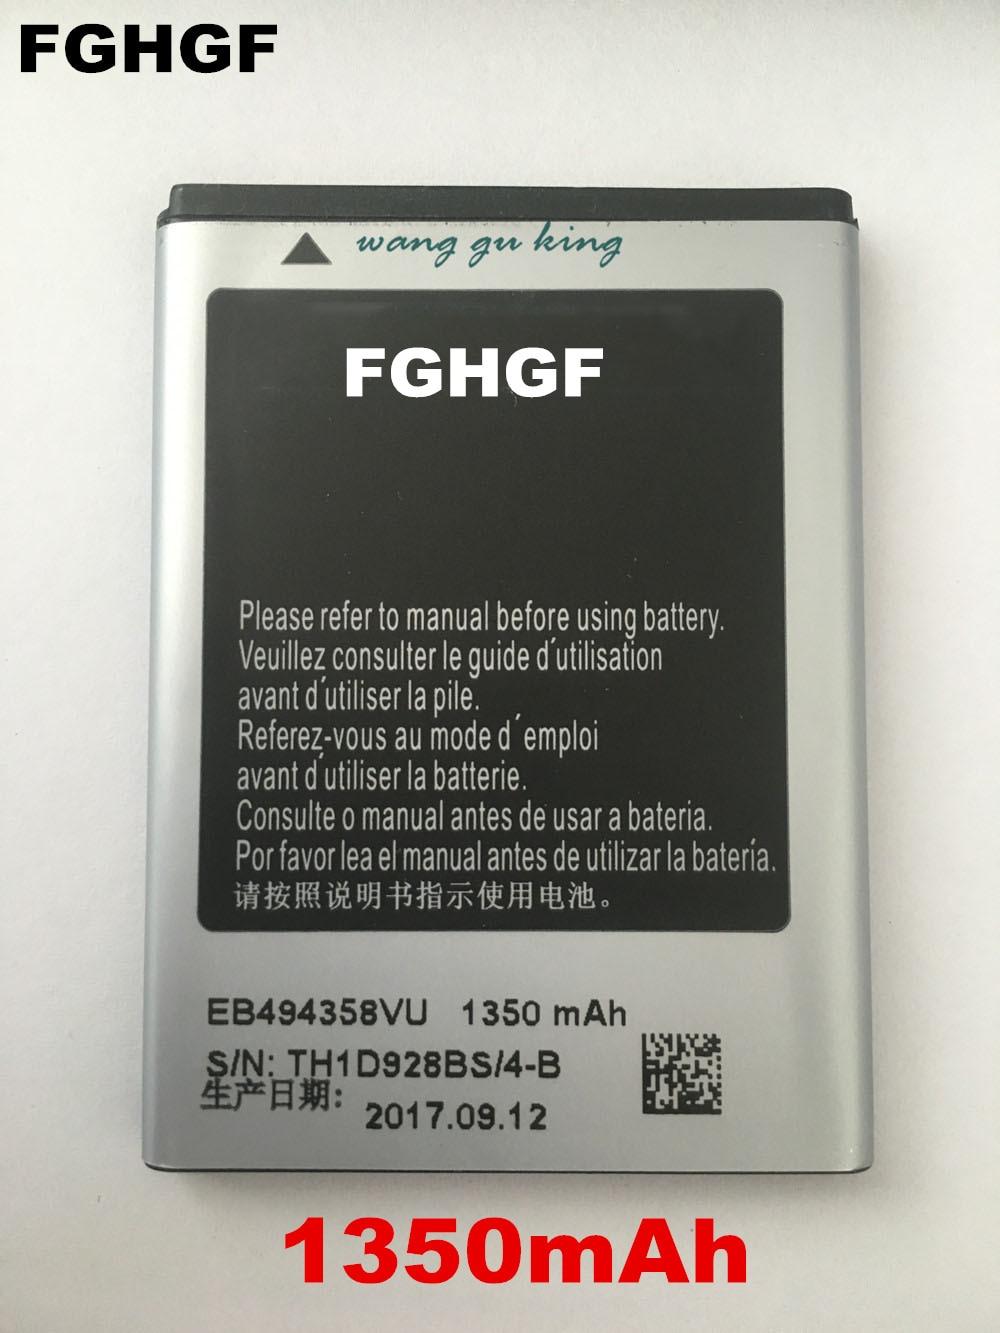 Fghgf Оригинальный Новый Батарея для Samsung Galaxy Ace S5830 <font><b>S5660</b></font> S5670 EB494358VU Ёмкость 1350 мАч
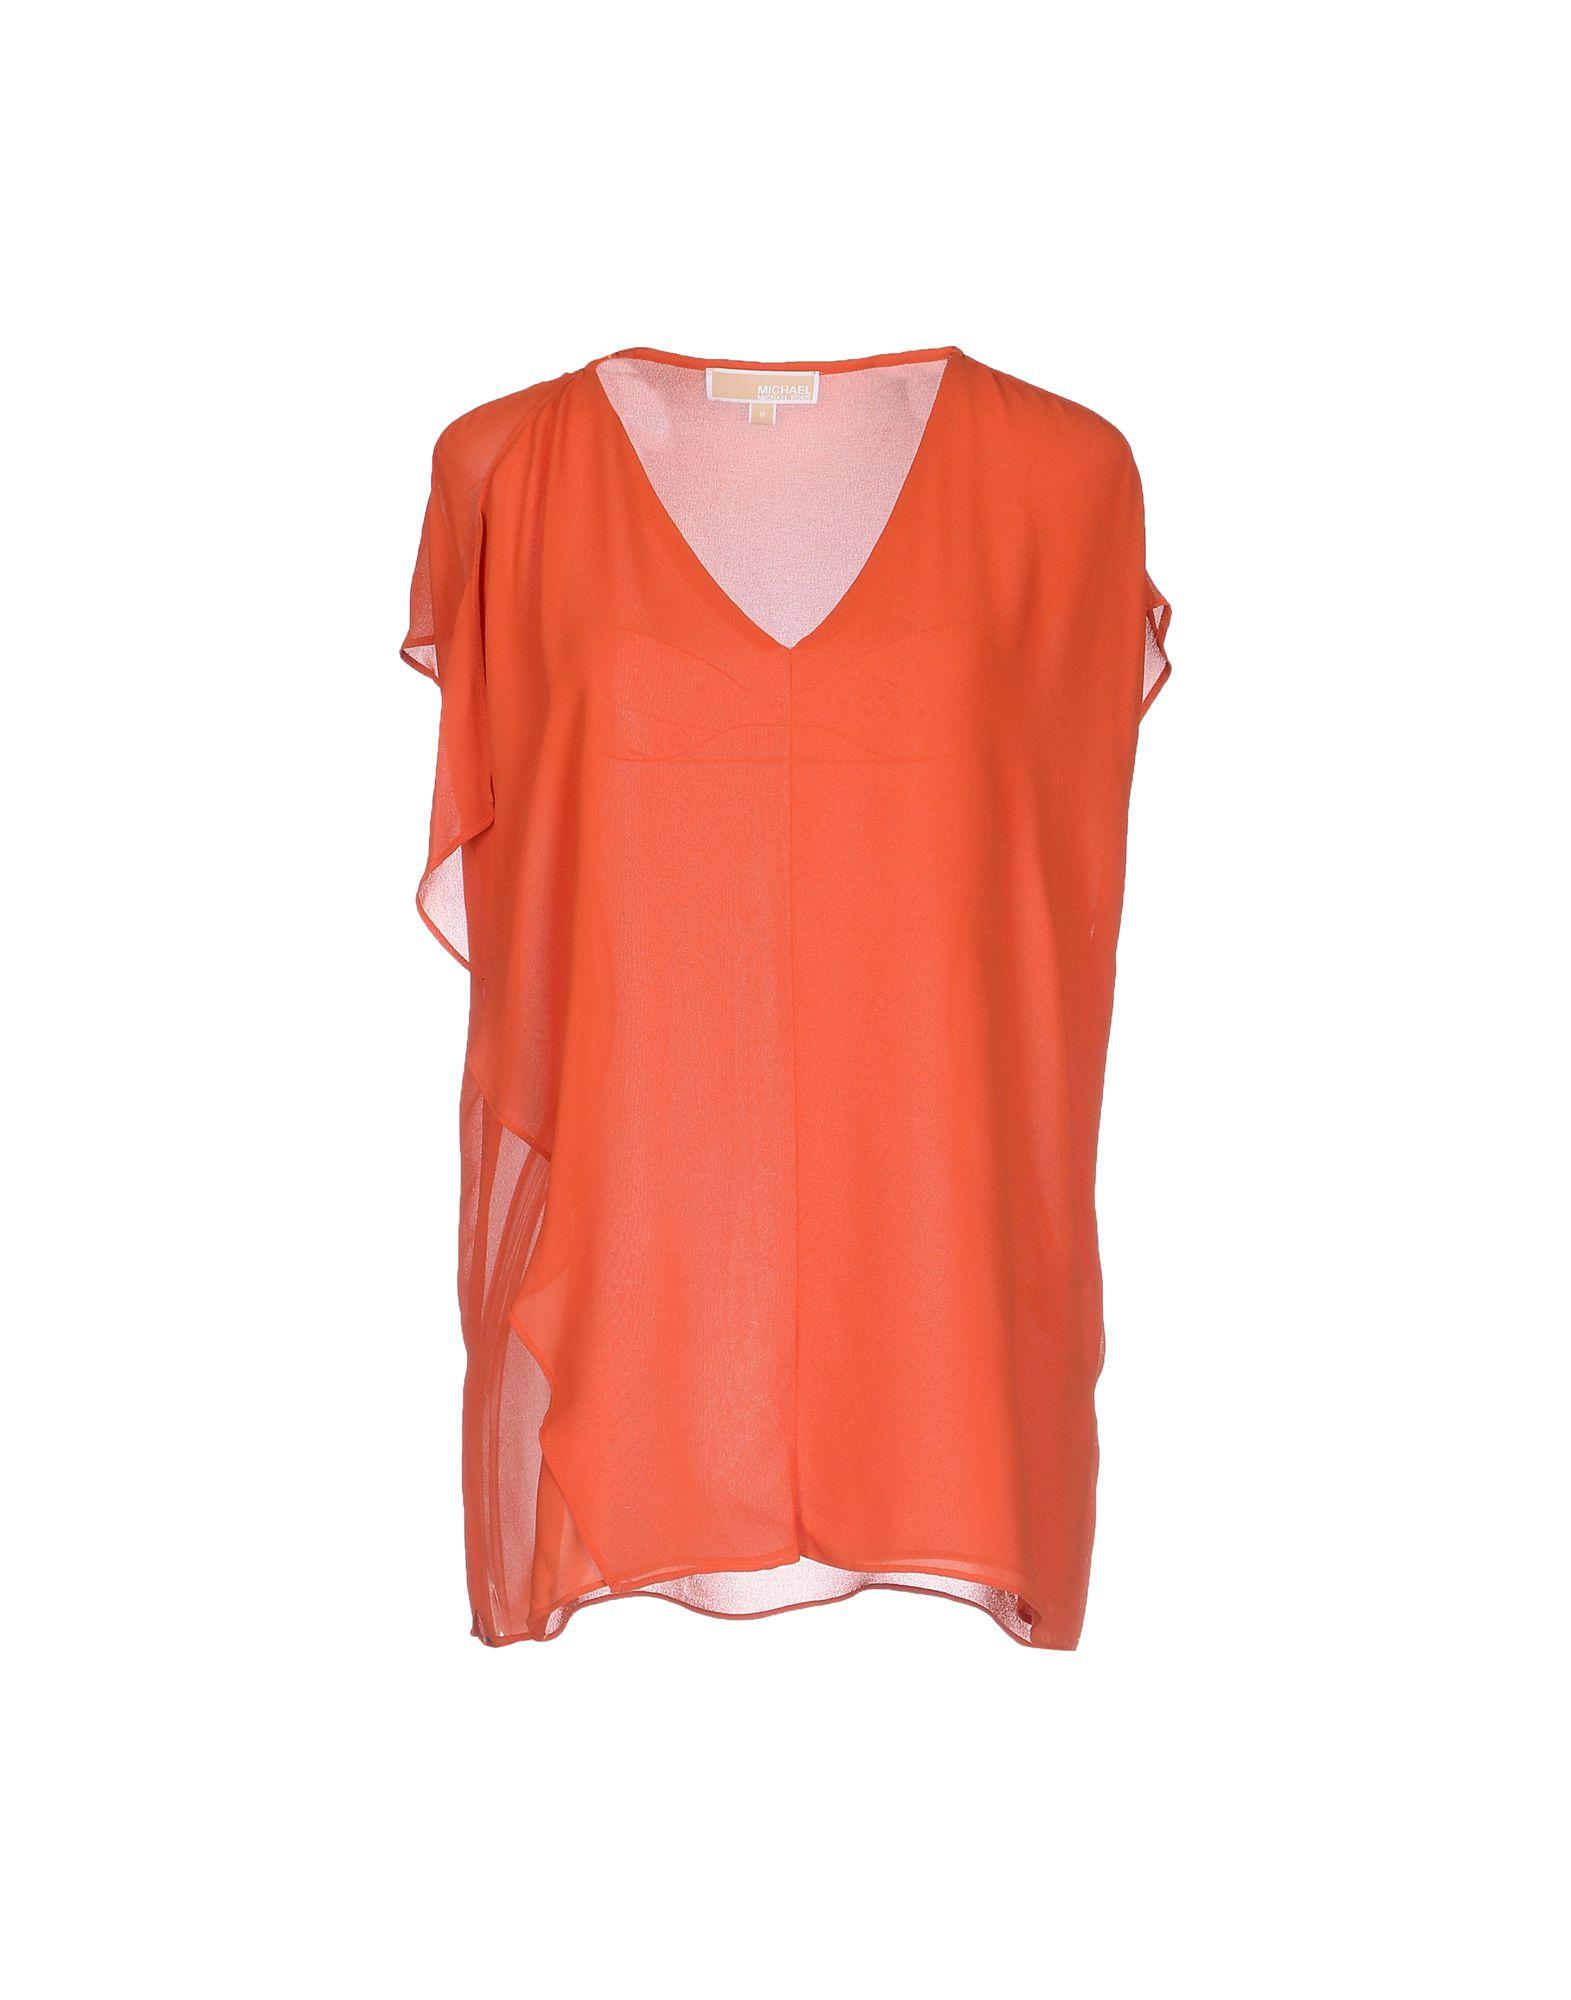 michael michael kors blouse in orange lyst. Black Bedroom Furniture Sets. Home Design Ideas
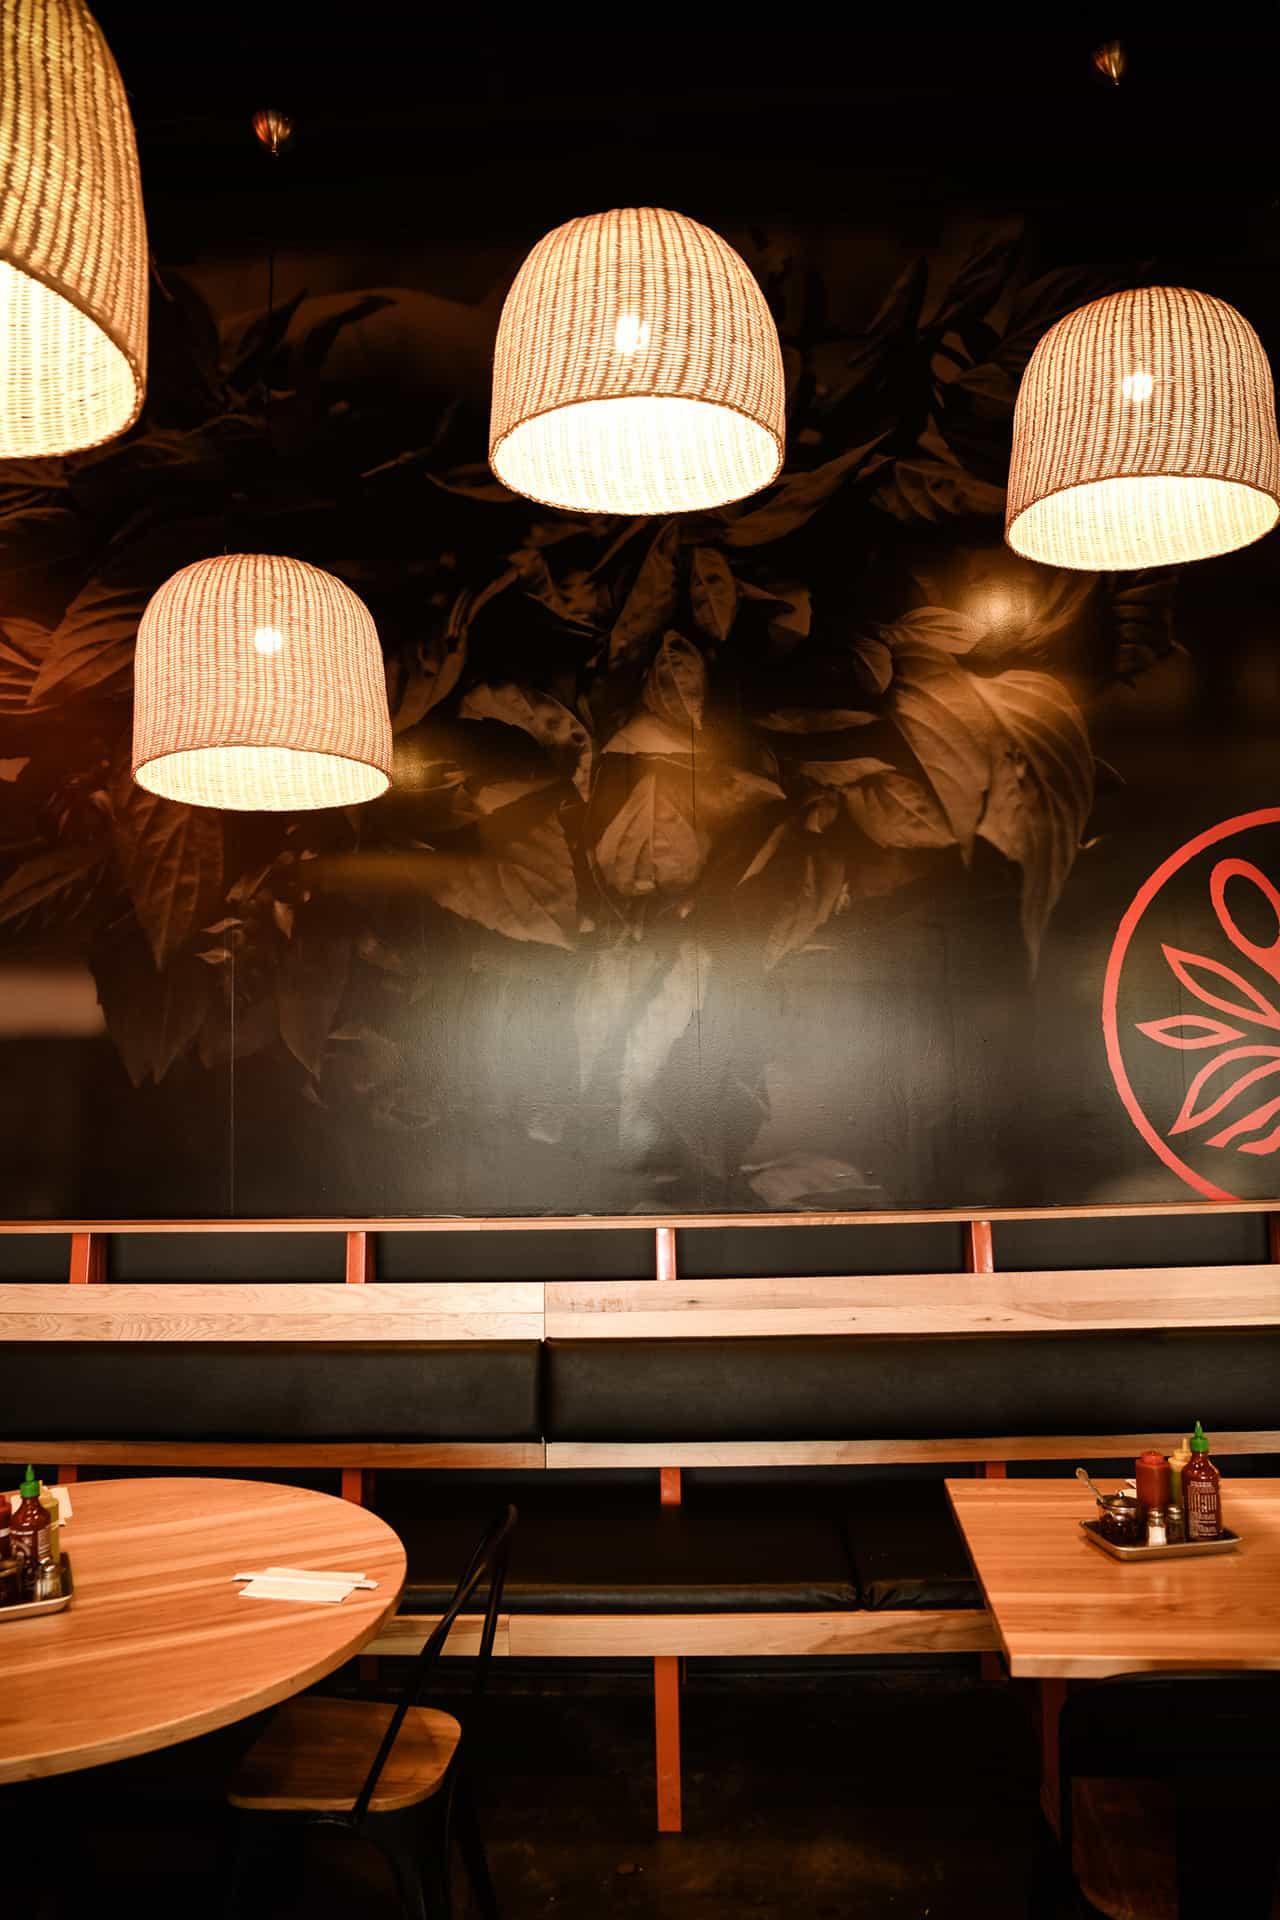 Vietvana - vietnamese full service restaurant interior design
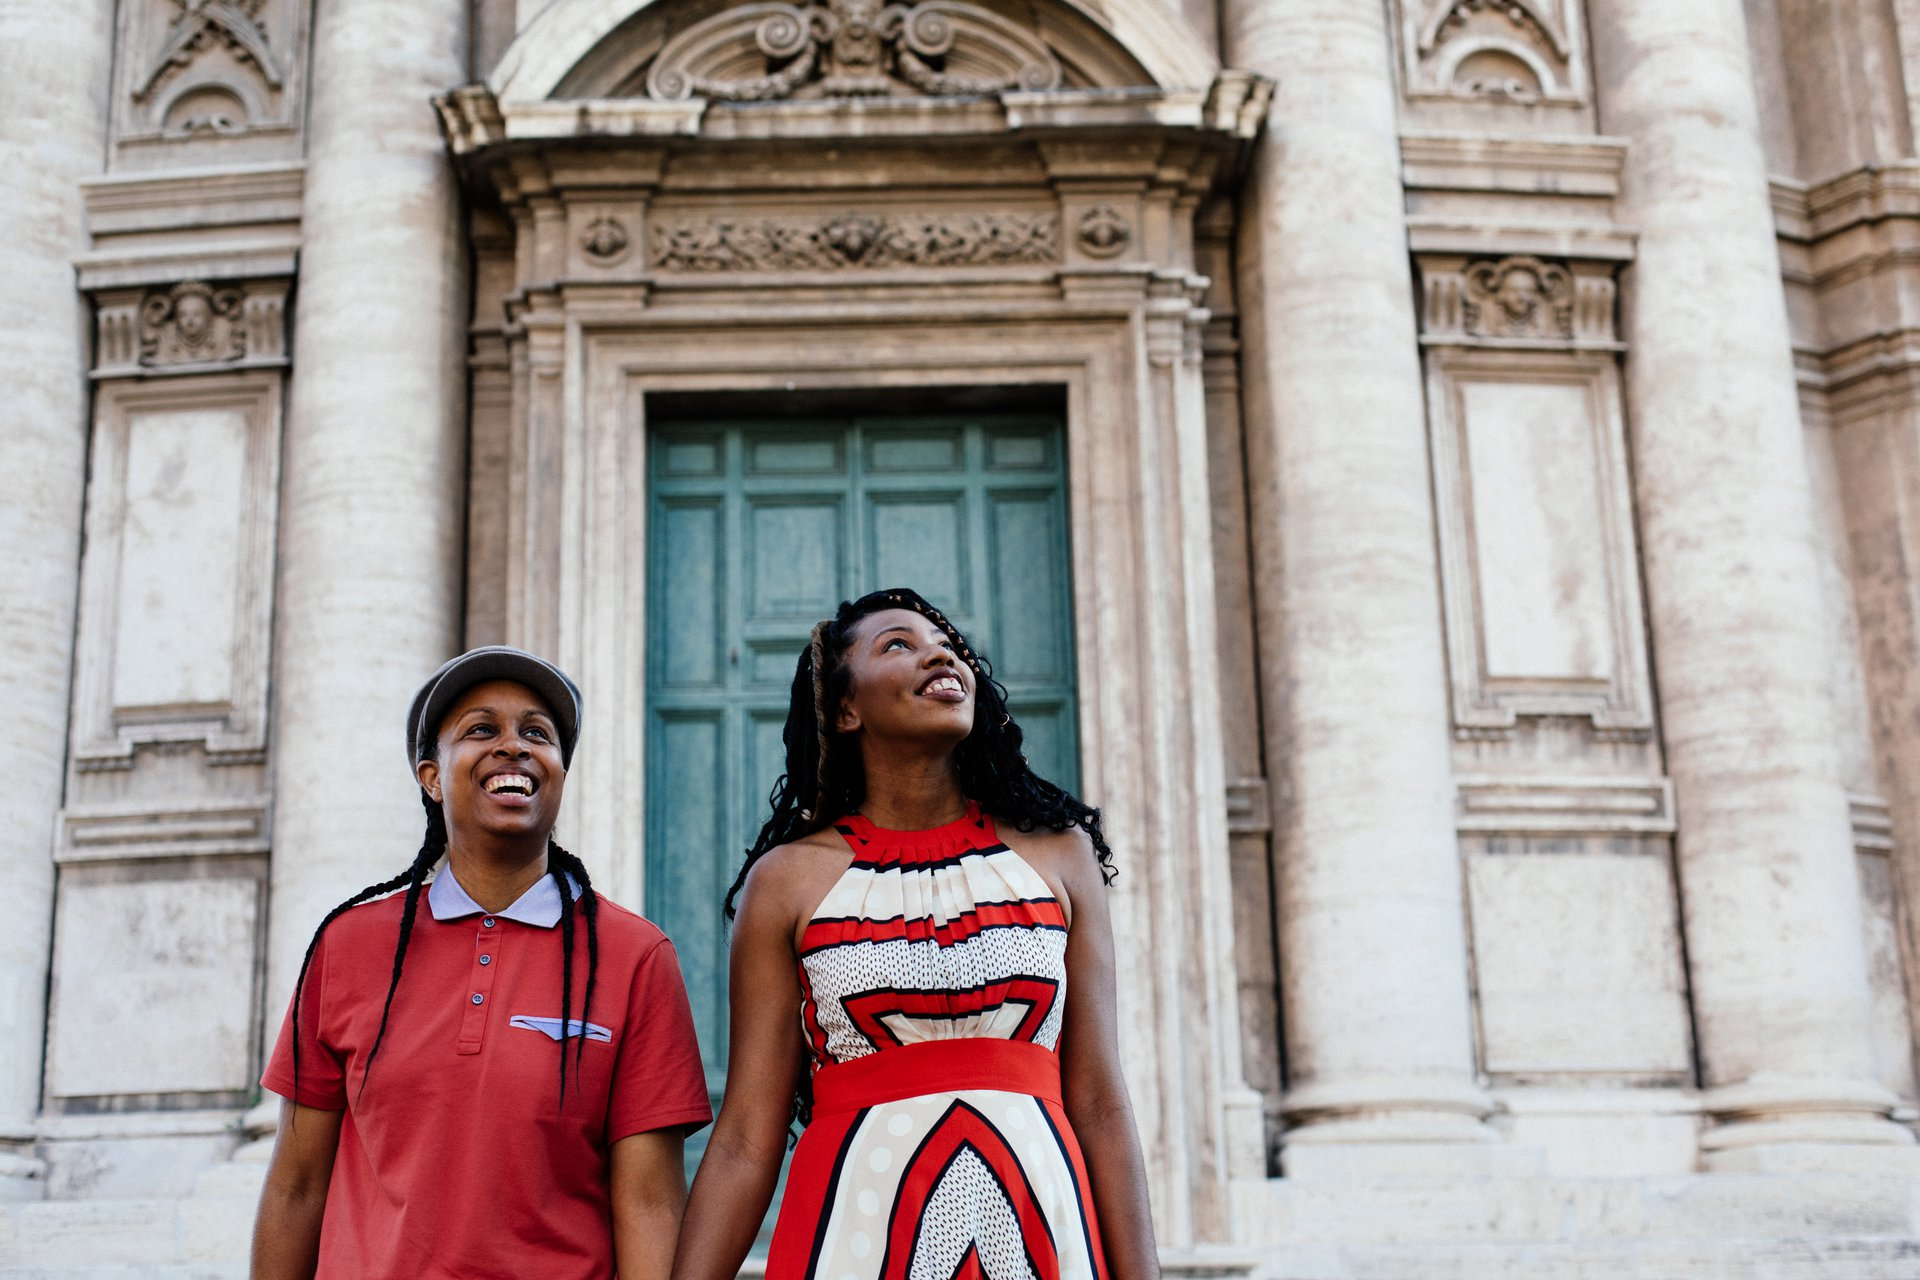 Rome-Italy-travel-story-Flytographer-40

• _Your goal_: All that is required is an exact reproduction of the lines from the one containing "Vietvana - vietnamese" to the final line of the listing above, pictures omitted.

• _Task response_:
 Vietvana - vietnamese full service restaurant interior design
 Rome-Italy-travel-story-Flytographer-40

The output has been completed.